Miguel Núñez

Personal information
- Full name: Miguel Núñez Borreguero
- Date of birth: 4 June 1987 (age 39)
- Place of birth: Siruela, Spain
- Height: 1.79 m (5 ft 10 in)
- Positions: Defender; midfielder;

Team information
- Current team: Extremadura 1924
- Number: 14

Youth career
- Flecha Negra
- 2004–2007: Valencia

Senior career*
- Years: Team / Apps / (Gls)
- 2007–2010: Albacete B / 55 / (5)
- 2007–2008: → Villanovense (loan) / 27 / (1)
- 2010–2016: Albacete / 195 / (5)
- 2016–2017: Ponferradina / 22 / (0)
- 2017–2018: Mallorca / 4 / (0)
- 2018–2020: Ibiza / 58 / (3)
- 2020–2021: Badalona / 11 / (0)
- 2021–2022: Badajoz / 41 / (2)
- 2022–2023: Eldense / 34 / (0)
- 2023–2024: Badajoz / 24 / (1)
- 2024–: Extremadura 1924 / 49 / (1)

= Miguel Núñez (footballer) =

Spanish association football player

Miguel Núñez Borreguero (born 4 June 1987) is a Spanish footballer who plays for Extremadura 1924. Mainly a defensive midfielder, he can also play as a central defender or a left-back.

==Club career==
Núñez was born in Siruela, Province of Badajoz. He spent the better part of his first nine seasons as a senior with Albacete Balompié, also representing their reserves and CF Villanovense (on loan) in the Tercera División.
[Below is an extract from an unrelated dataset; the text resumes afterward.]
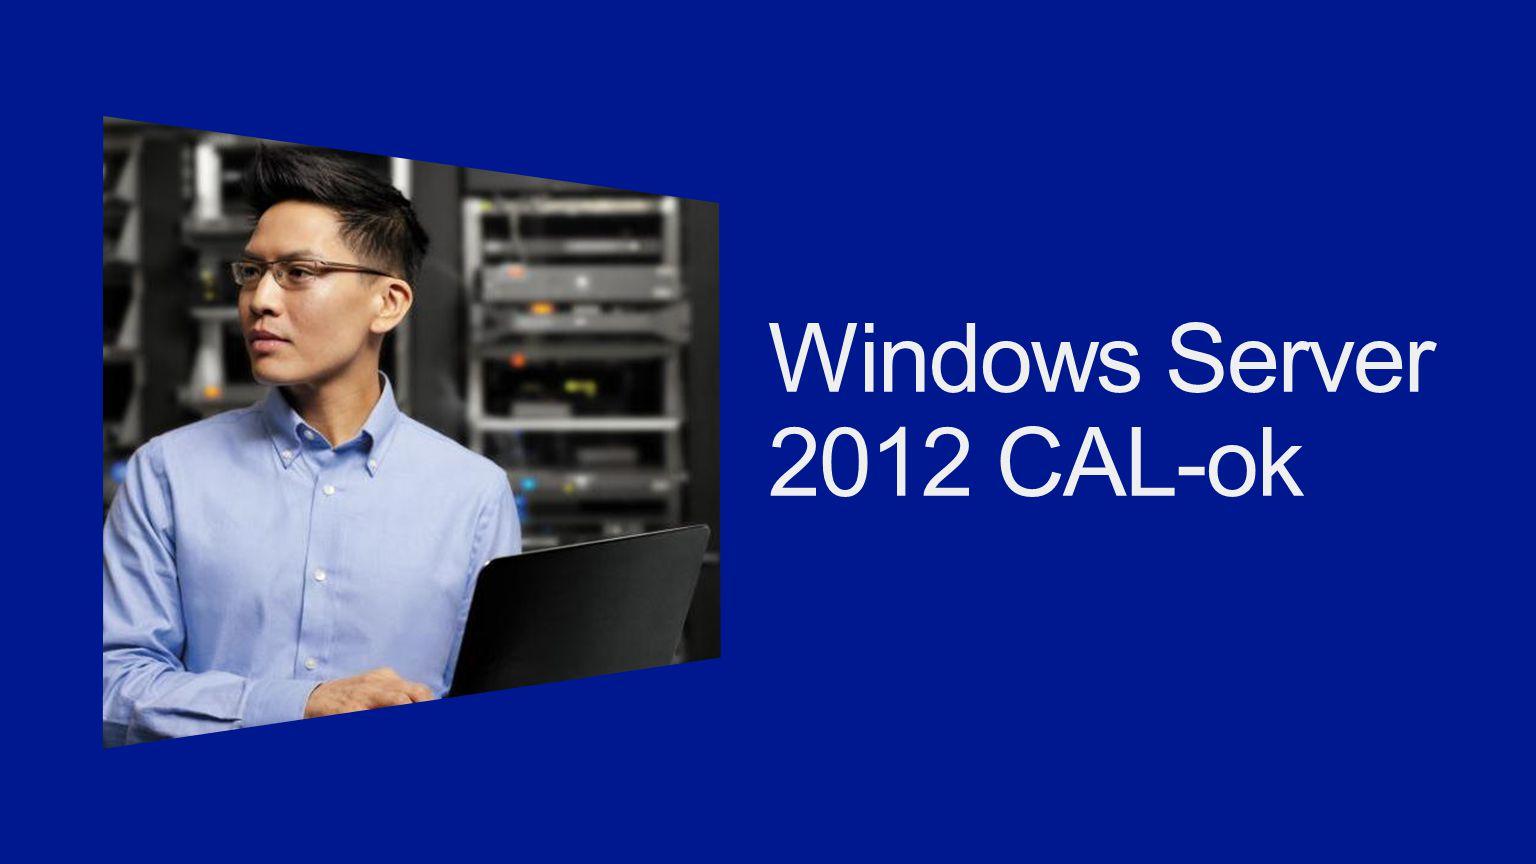 Windows Server 2012 CAL-ok

Núñez made his Segunda División debut with the first team on 30 January 2010, coming on as a 70th-minute substitute in a 2–2 home draw against Rayo Vallecano and scoring the game's last goal. He was relegated twice with the club from that tier, making 212 competitive appearances during his spell.
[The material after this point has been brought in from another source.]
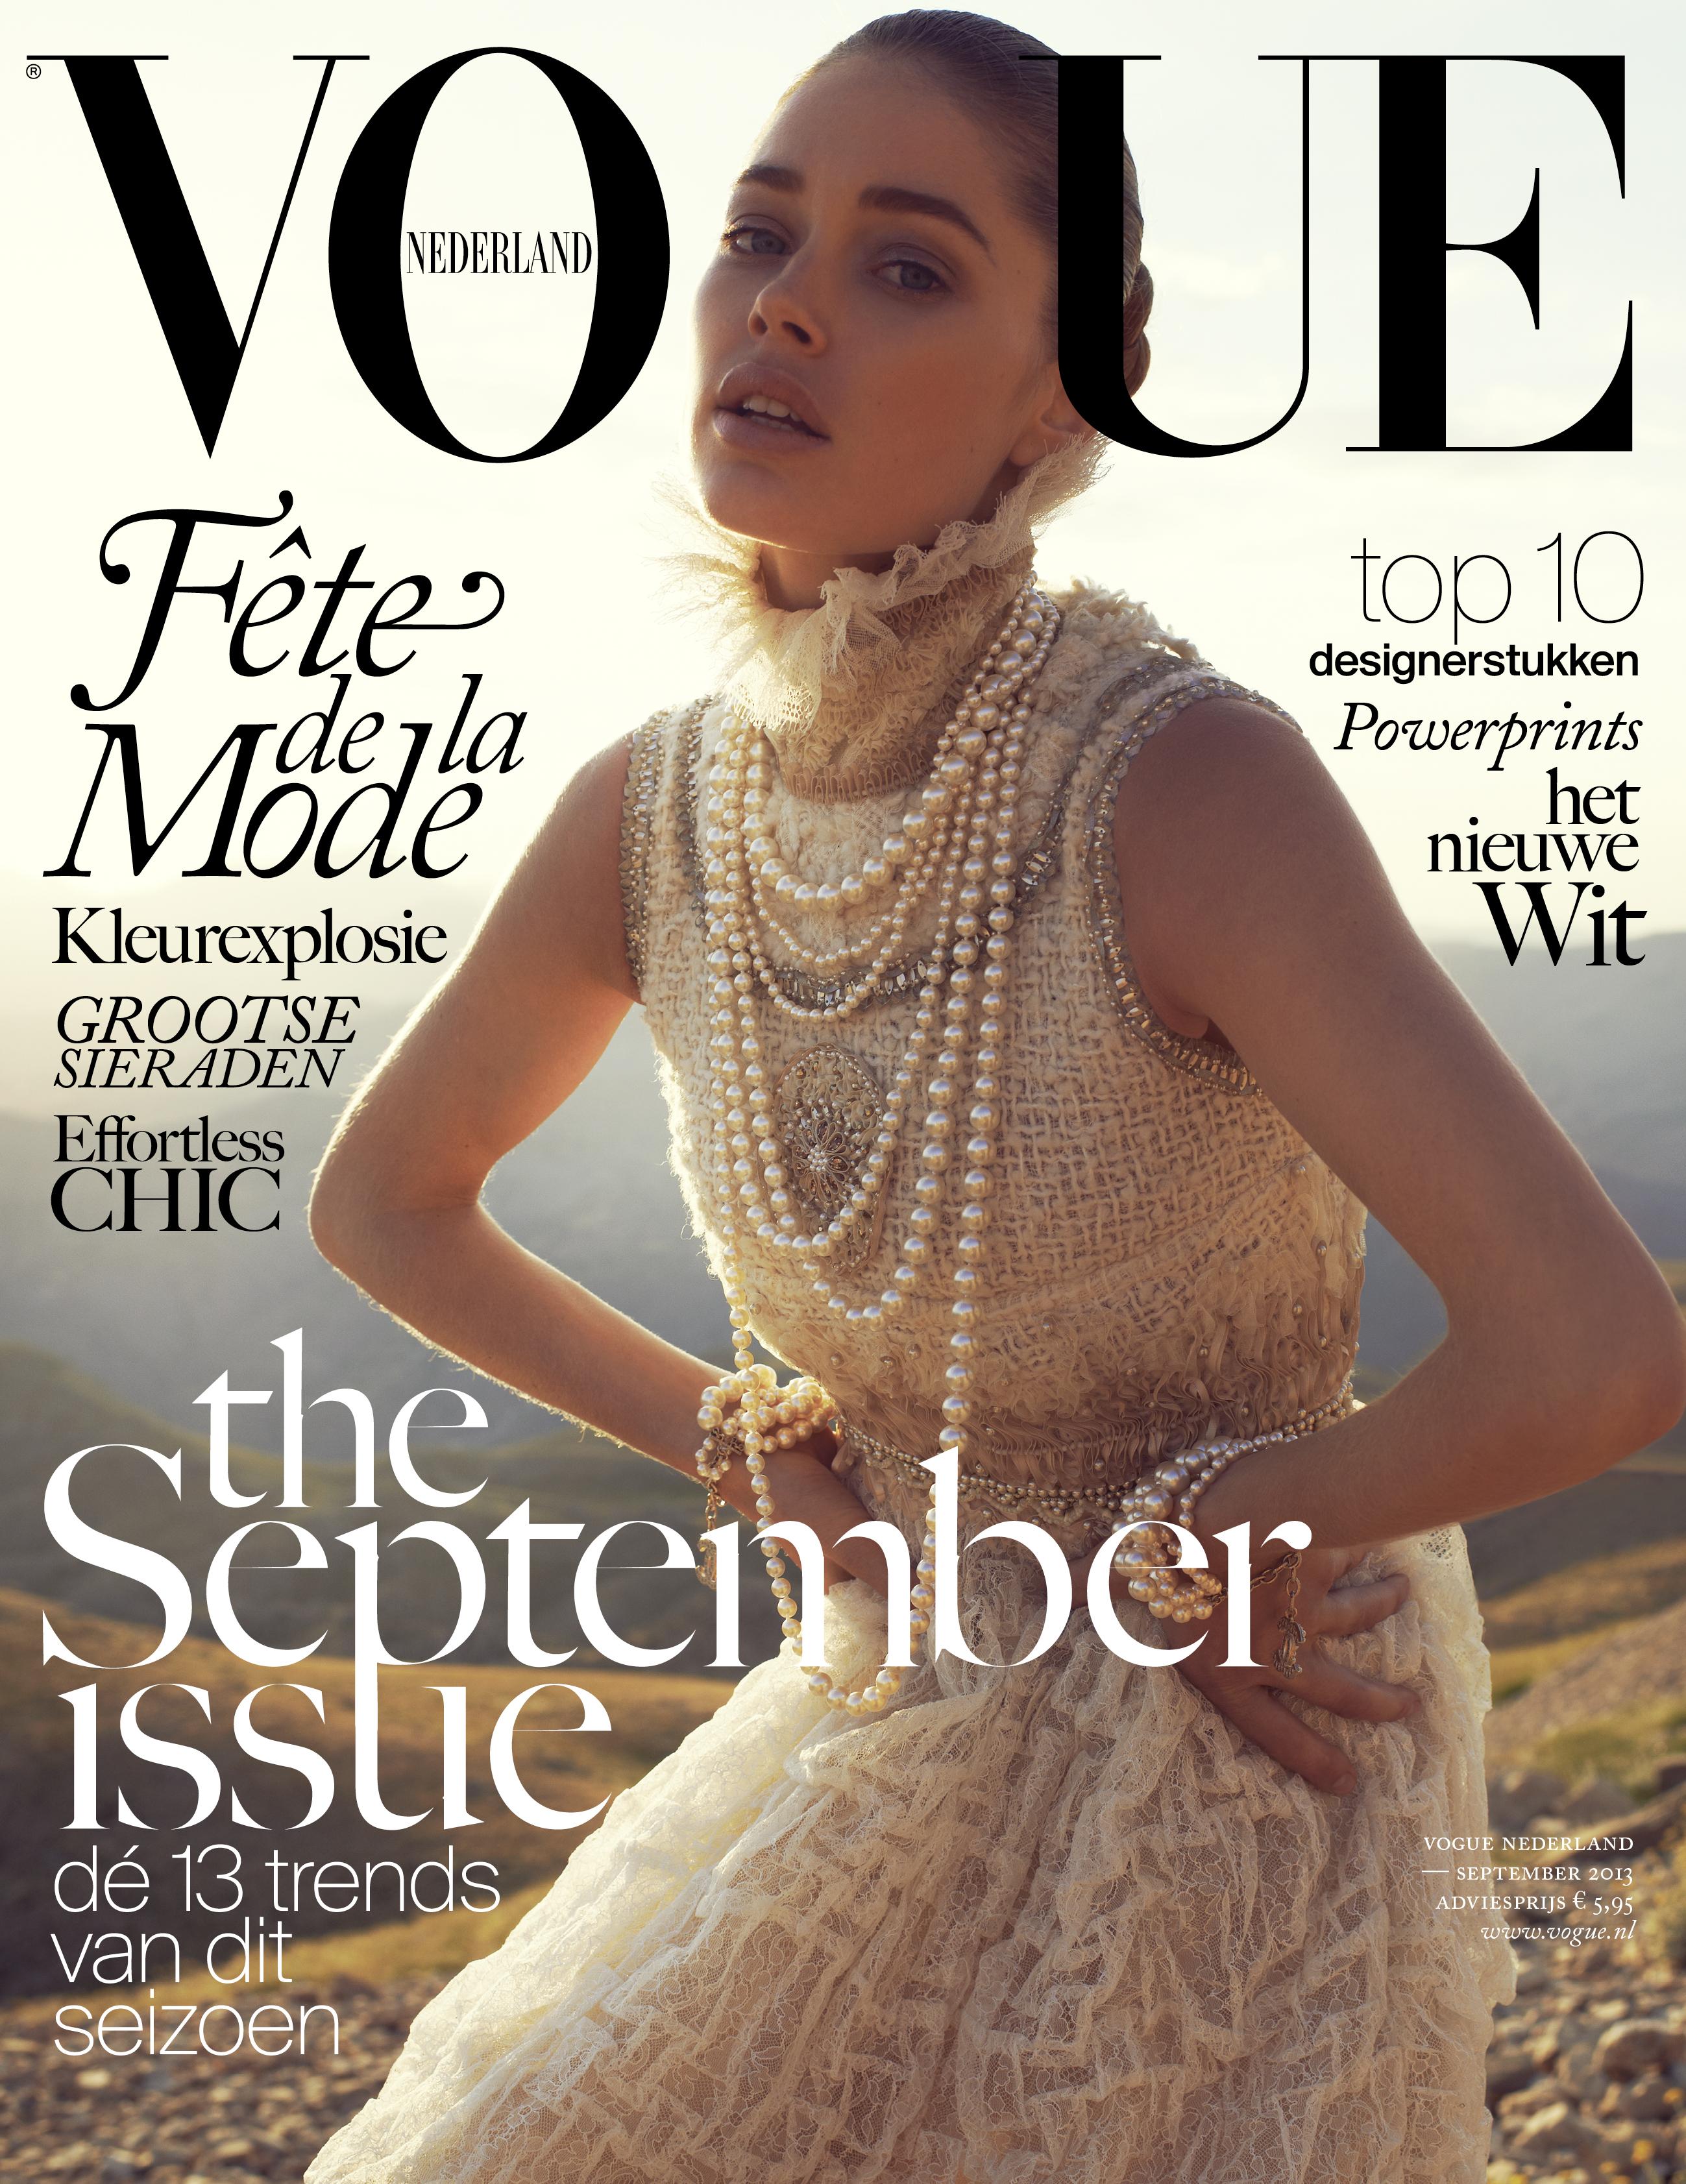 Doutzen Kroes September Vogue Nederland 2013 Tessted (6)

After leaving the Estadio Carlos Belmonte, Núñez continued to play in the third division, with SD Ponferradina, RCD Mallorca, UD Ibiza, CF Badalona, CD Badajoz and CD Eldense. On 24 August 2023, after helping the latter side in their second-tier promotion, the 36-year-old terminated his contract and returned to Badajoz, now in the Segunda Federación.